### WHAT IS EXPECTED
Look through the listing below and write out exactly the lines from the line with "Original hand colored" to the line with "Free shipping.", both included, and no others.

### INPUT

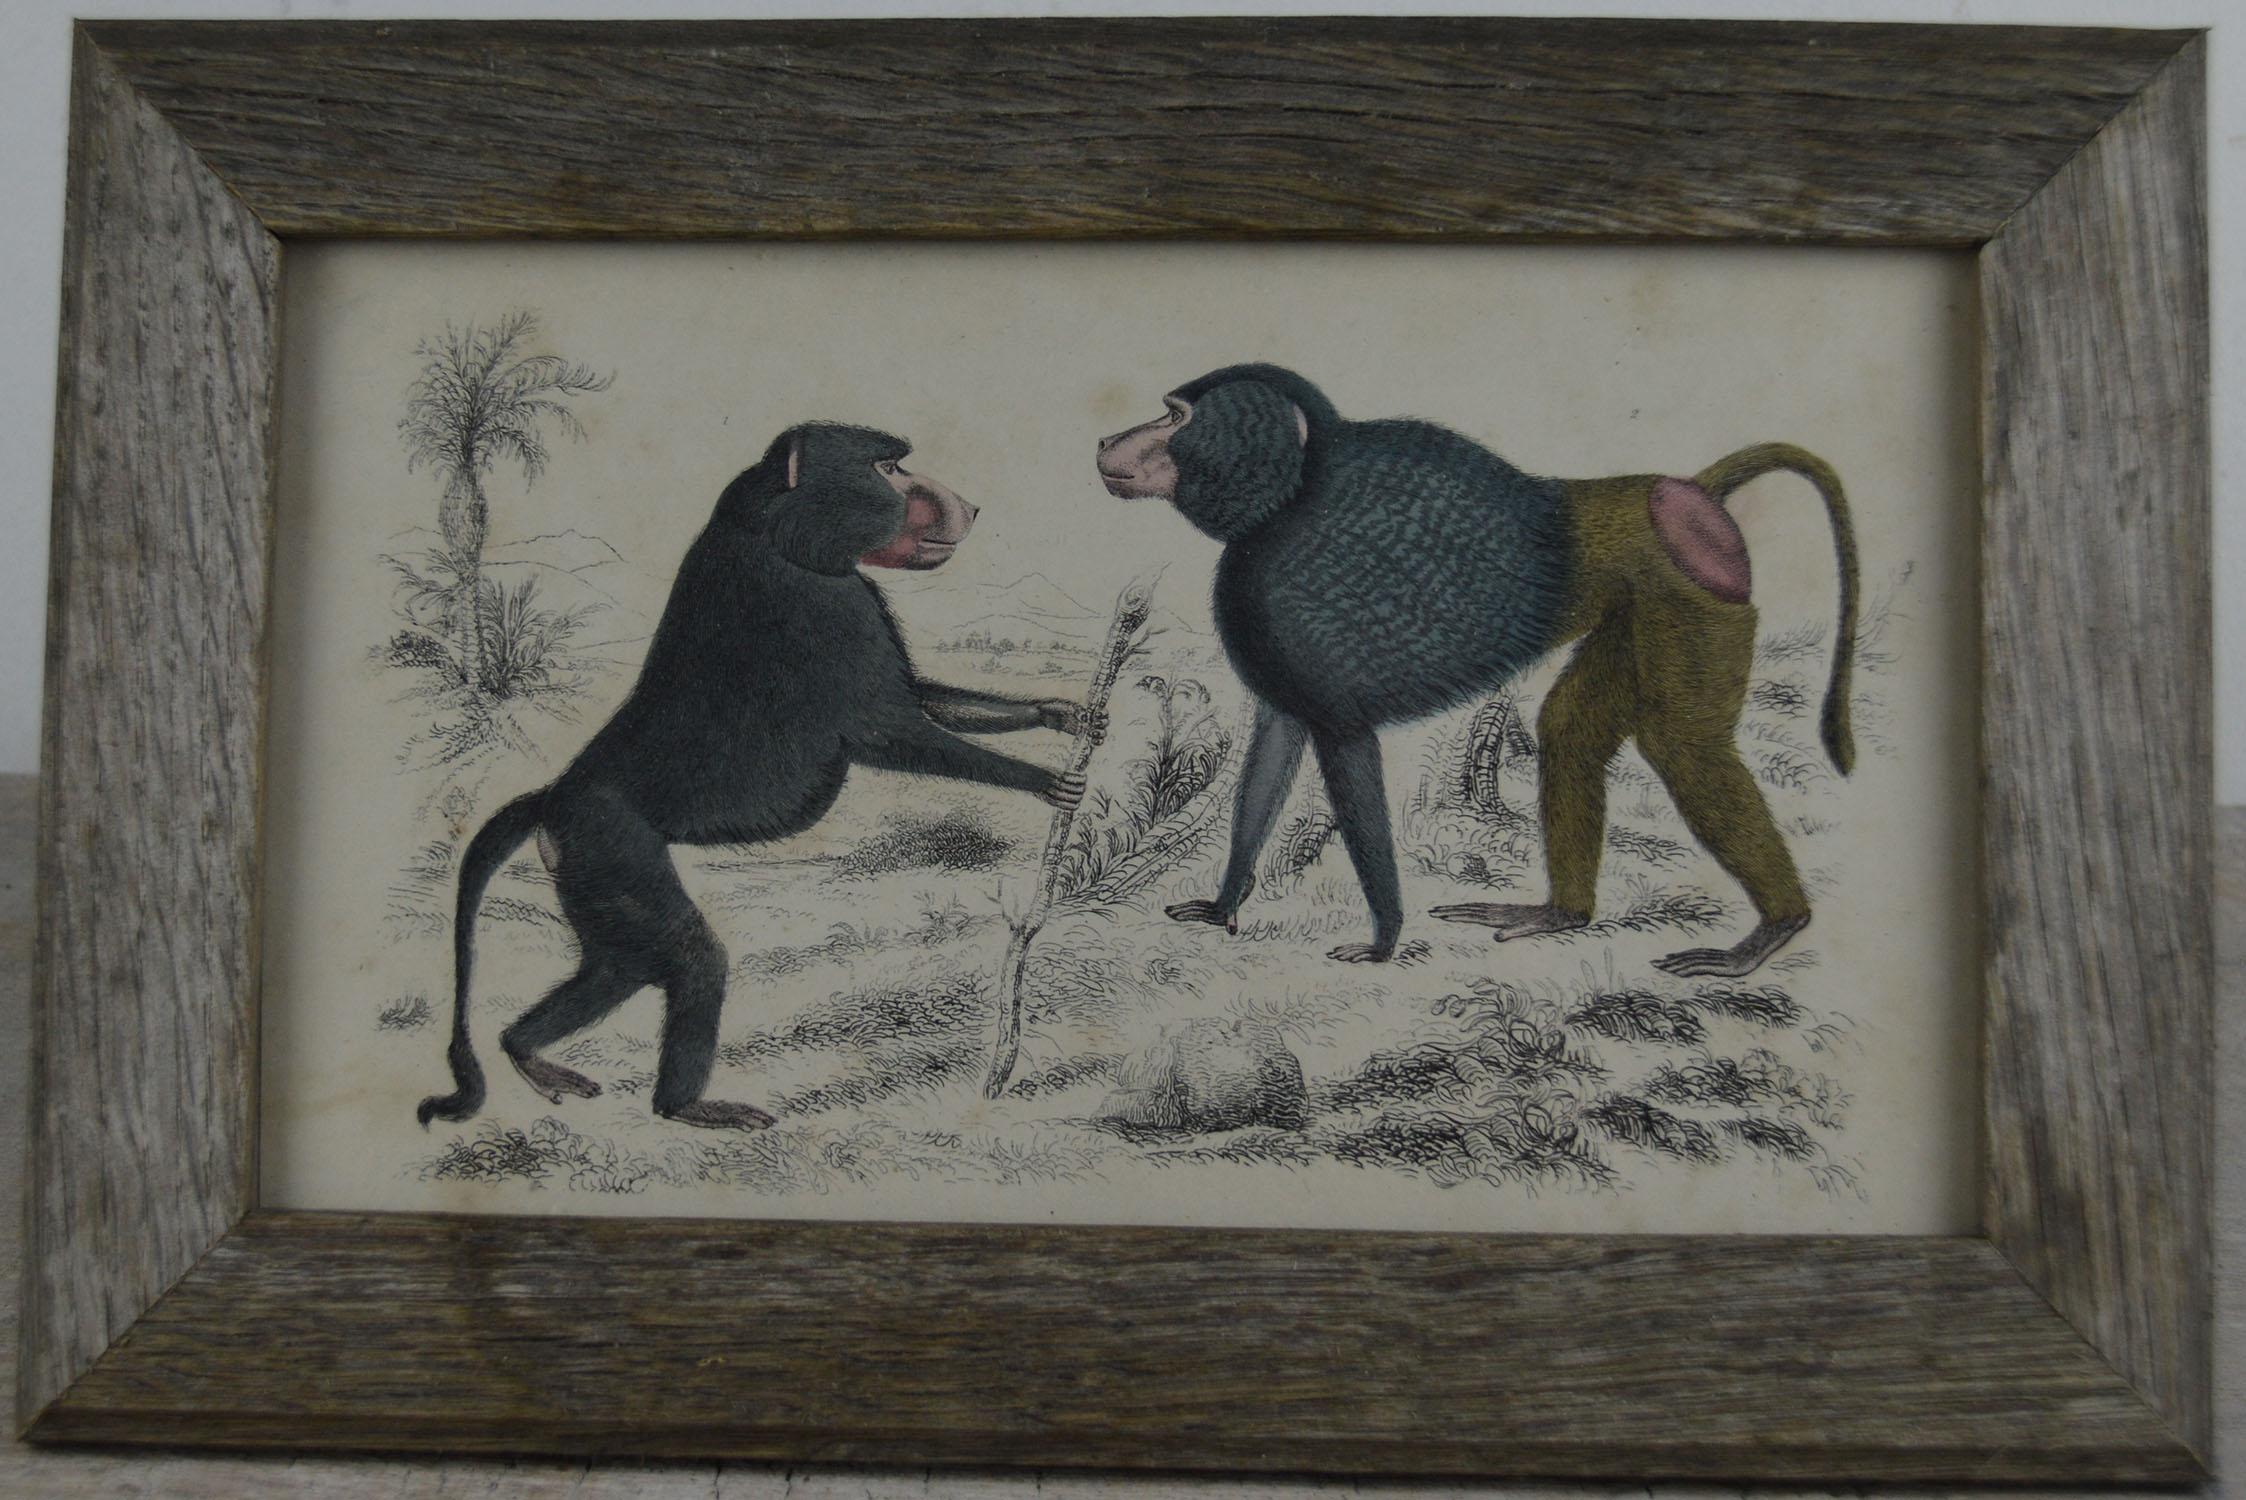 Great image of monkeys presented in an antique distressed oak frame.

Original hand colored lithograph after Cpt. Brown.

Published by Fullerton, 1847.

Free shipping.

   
...
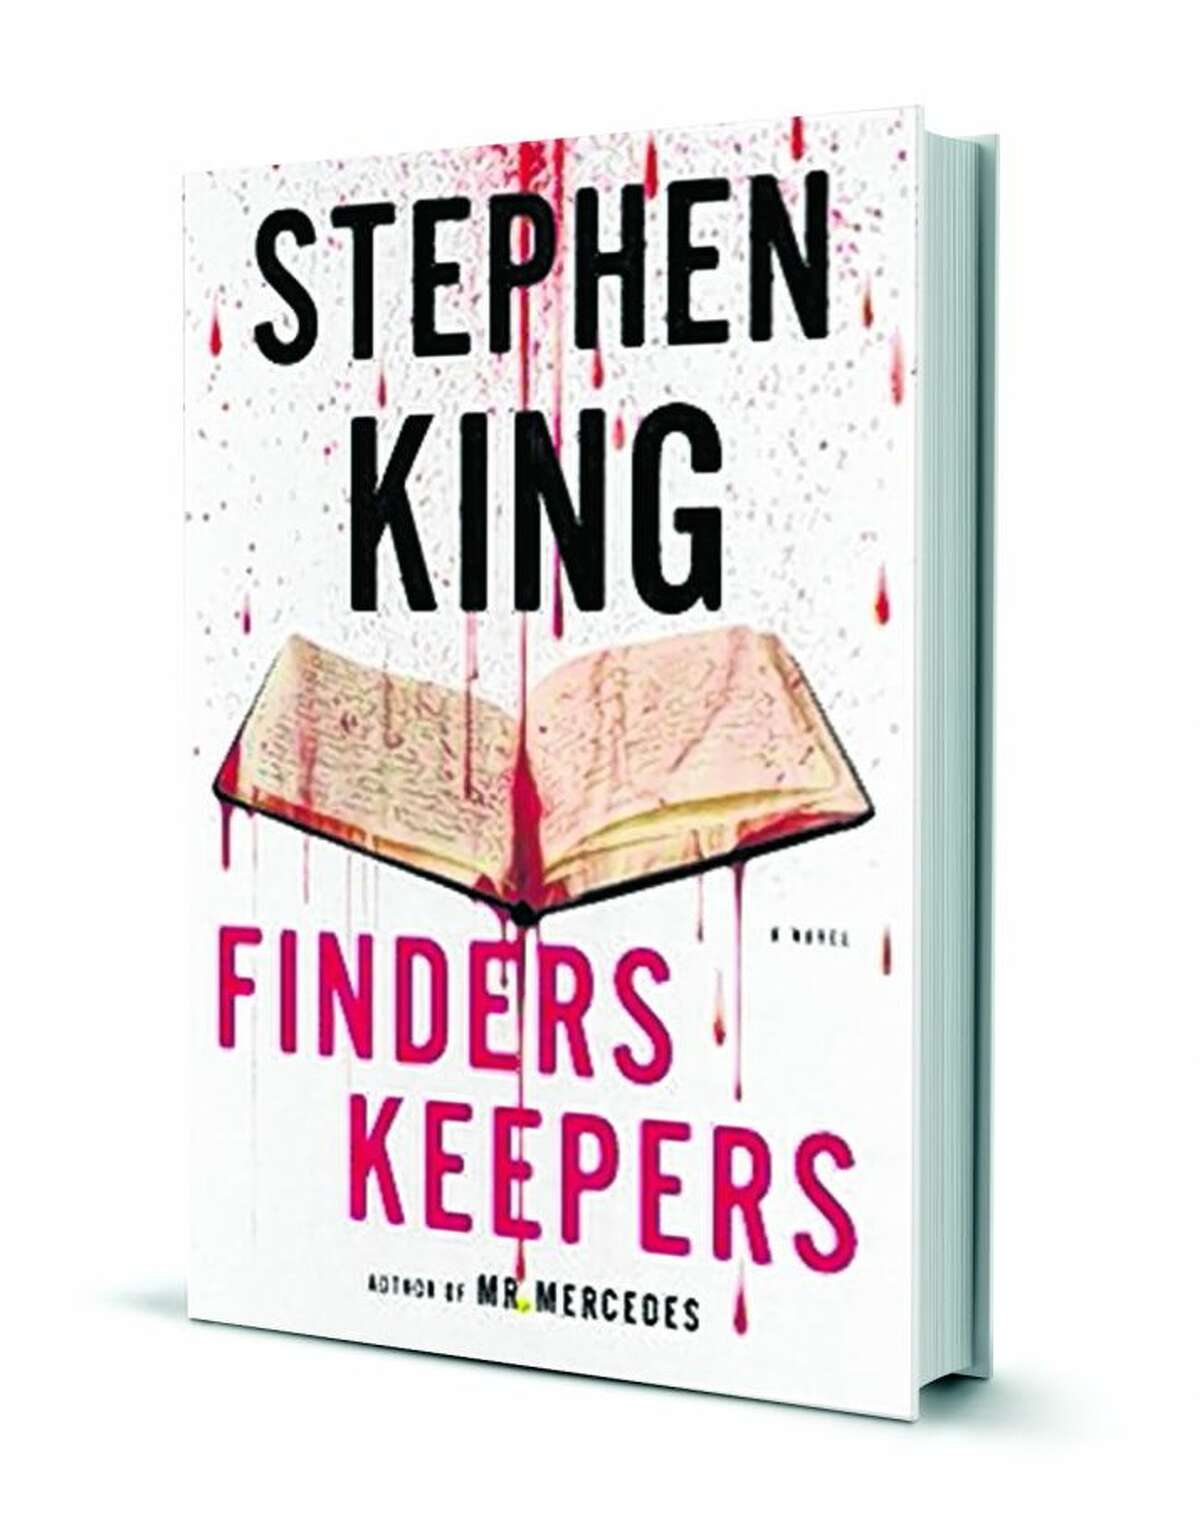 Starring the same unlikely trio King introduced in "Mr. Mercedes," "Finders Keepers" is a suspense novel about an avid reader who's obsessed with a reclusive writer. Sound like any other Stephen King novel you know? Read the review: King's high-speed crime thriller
==
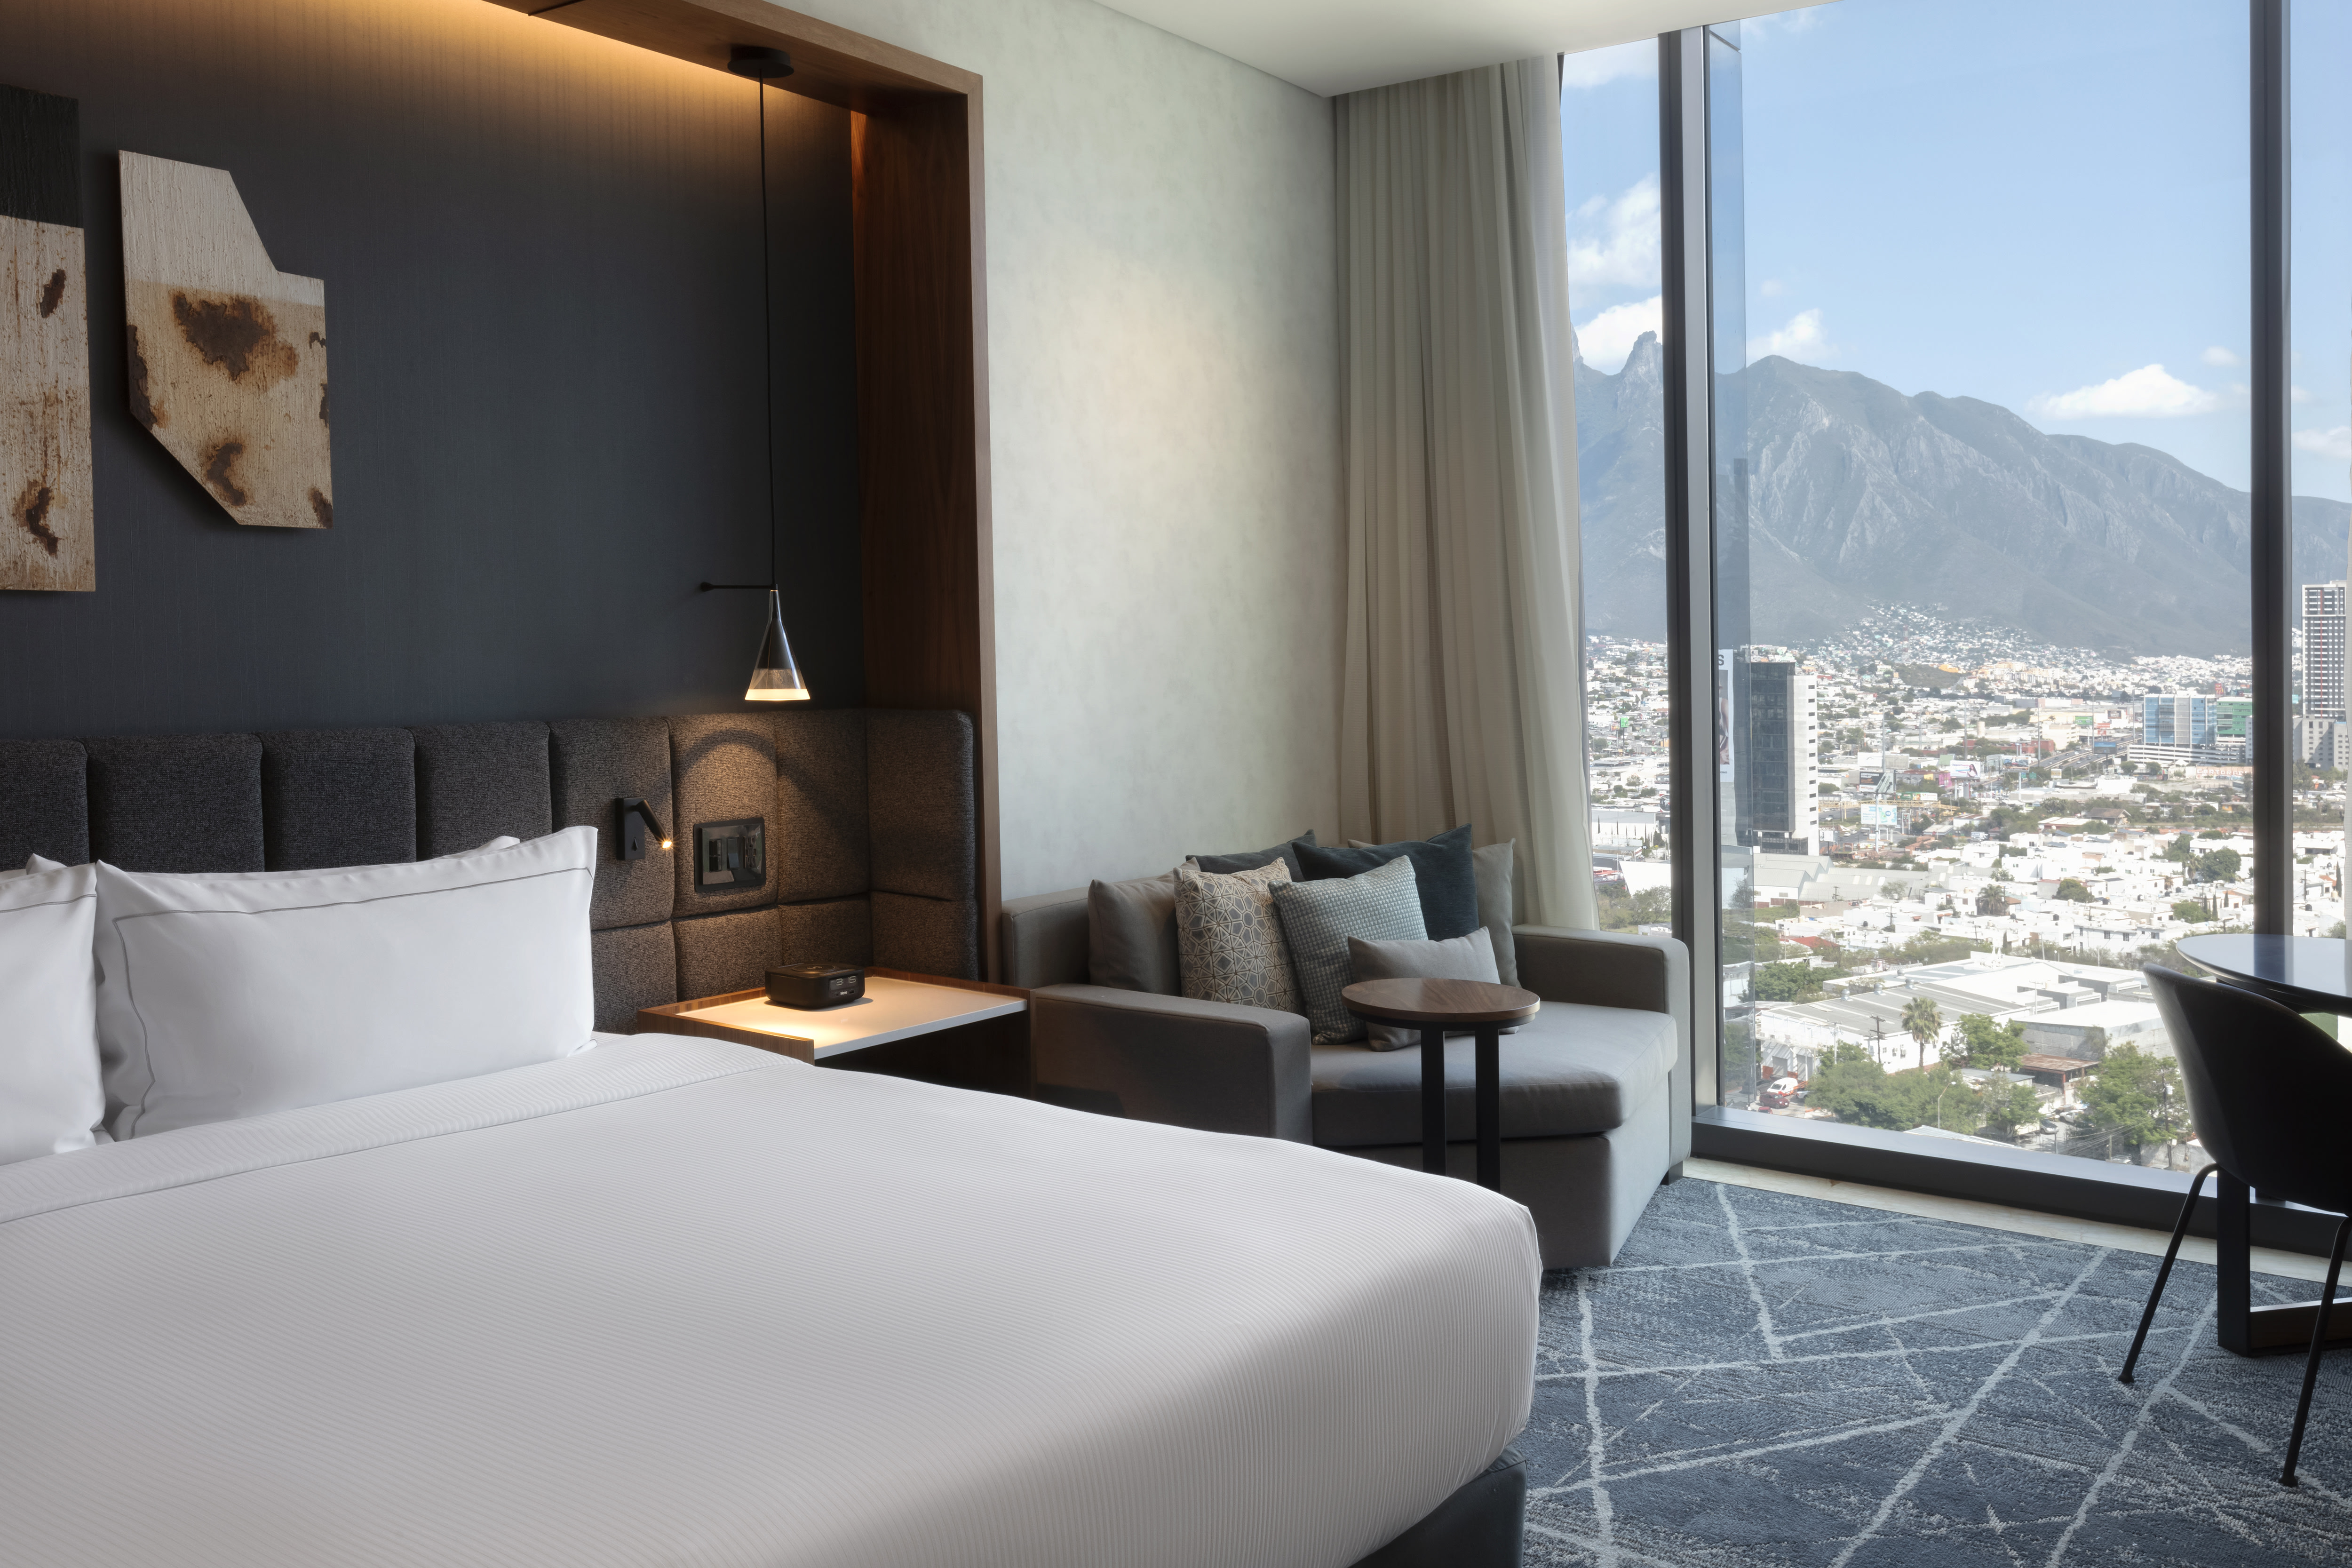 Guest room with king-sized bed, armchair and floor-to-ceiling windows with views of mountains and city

### TASK SOLUTION
Original hand colored lithograph after Cpt. Brown.

Published by Fullerton, 1847.

Free shipping.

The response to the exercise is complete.